- Marroquín in 2006
- Born: Raúl Osiel Marroquín Reyes 1 September 1980 (age 45) Tampico, Tamaulipas, Mexico
- Other names: The Sadist; The Rainbow Killer;
- Occupation: Former Mexican Army officer (first sergeant)
- Criminal status: Incarcerated
- Convictions: Murder x4; Kidnapping x6; Hate crime;
- Criminal penalty: 280 years in prison

Details
- Victims: 4
- Span of crimes: September – December 2005
- Country: Mexico
- State: Mexico City
- Date apprehended: 23 January 2006
- Imprisoned at: Santa Martha Acatitla Prison, Mexico City

= Raúl Osiel Marroquín =

Mexican serial killer (born 1980)

Raúl Osiel Marroquín Reyes (born 1 September 1980), known as The Sadist and The Rainbow Killer, is a Mexican serial killer who kidnapped and tortured six young men in 2005, killing four of them.

An organized killer, Marroquín was motivated by his sheer hatred for gay men, luring them from Mexico City's Zona Rosa and taking them to his apartment where he would brutally torture the youths before killing them. His case is regarded as an infamous example of homophobia in Mexico. (Note: Marroquín's case led to debate about this issue in Mexico, including the treatment by media, which initially nicknamed Marroquín El Matajotos, which in Spanish stands as The Fags' Killer.)

== Early life, military career and early crimes ==
Raúl Osiel Marroquín Reyes was born on 1 September 1980 in Tampico, in the state of Tamaulipas, the son of Roberto Marroquín and Gloria Reyes. His father was described as cold and extremely homophobic, inculcating the hatred for gay men in young Marroquín since an early age. Although Marroquín refused to address the coldness and lack of affection in his childhood, his father was known for the authoritarian behavior while raising him.

After finishing secondary school, Marroquín joined the Mexican Army in January 1999 in a military unit in Tamaulipas, where he was ultimately assigned to the 15th Infantry Battalion, achieving the rank of first sergeant by the time he retired from the Army in May 2004. While serving in the military, Marroquín pursued a career in medicine at a university in Mexico City; however, he dropped out by the time of his discharge from the Army, citing lack of economic resources to afford the studies. Frustrated over his lack of progress in life projects, Marroquín returned to his native Tamaulipas, where he was soon involved in violent armed robberies in a desperate way that he sought to get money.

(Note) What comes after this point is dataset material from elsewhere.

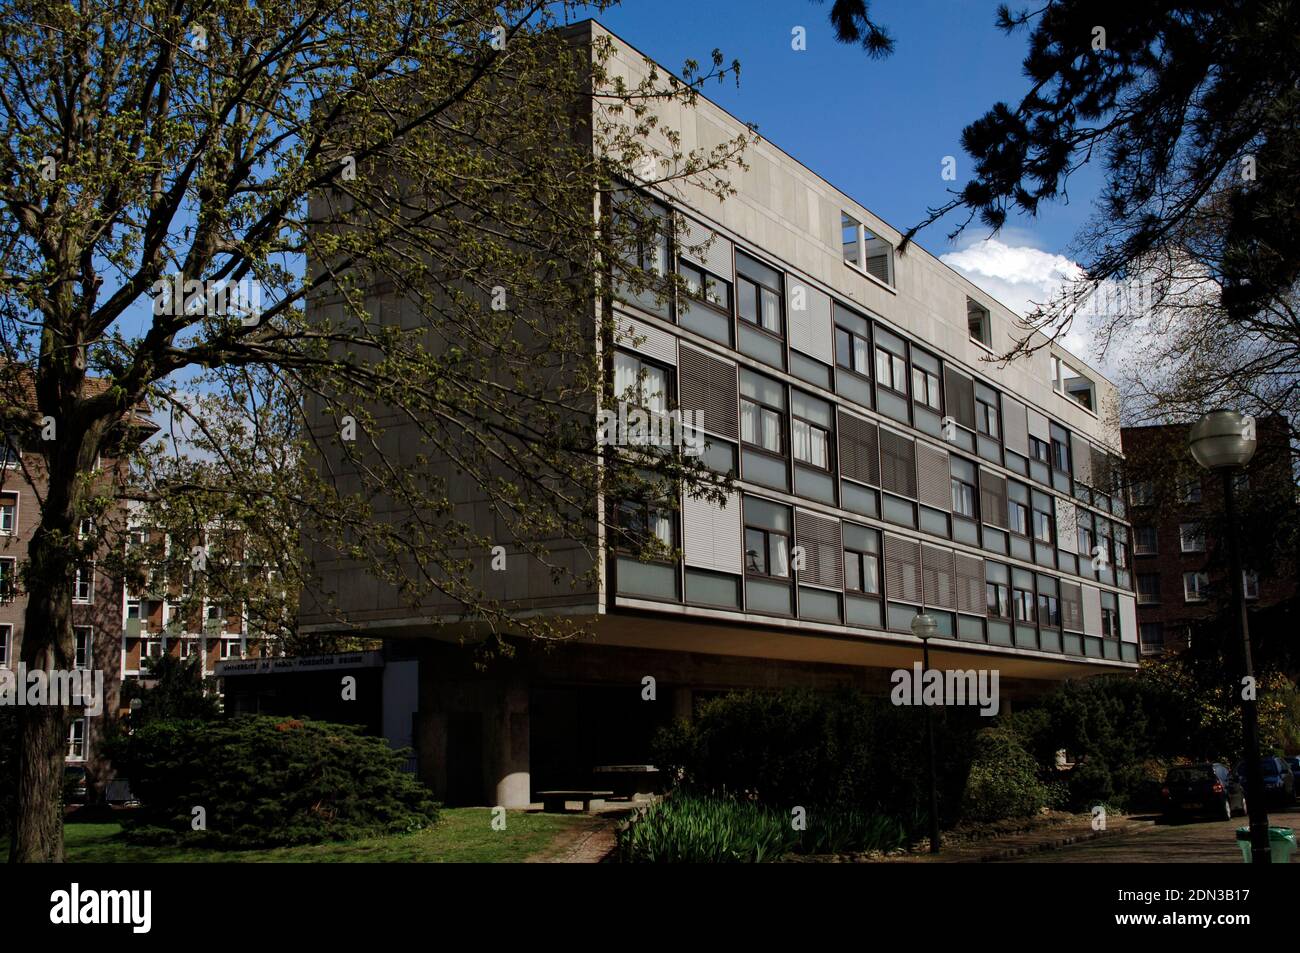 Francia, París. El Campus Universitario Internacional. El Pabellón Suizo. Edificio diseñado por le Corbusier (1887-1965) y Pierre Jeanneret (1896-1967) entre 1930 y 1931. Fue inaugurado en julio de 1933. Vista exterior. Foto de stock

That same month of May 2004, Marroquín was arrested in Tamaulipas over an armed robbery and spent 14 months in prison. Upon his release in August 2005 and infuriated over the time he served in jail, Marroquín decided to move away and permanently settled in Mexico City. In the capital, Marroquín became involved with his criminal partner, a man named Juan Enrique Madrid Manuel. Soon afterwards, they both moved to an apartment in Colonia Asturias, where they began to rob people at gunpoint in order to get money. Craving for money and strong dislike for gay men, Marroquín's violence began to escalate by late 2005.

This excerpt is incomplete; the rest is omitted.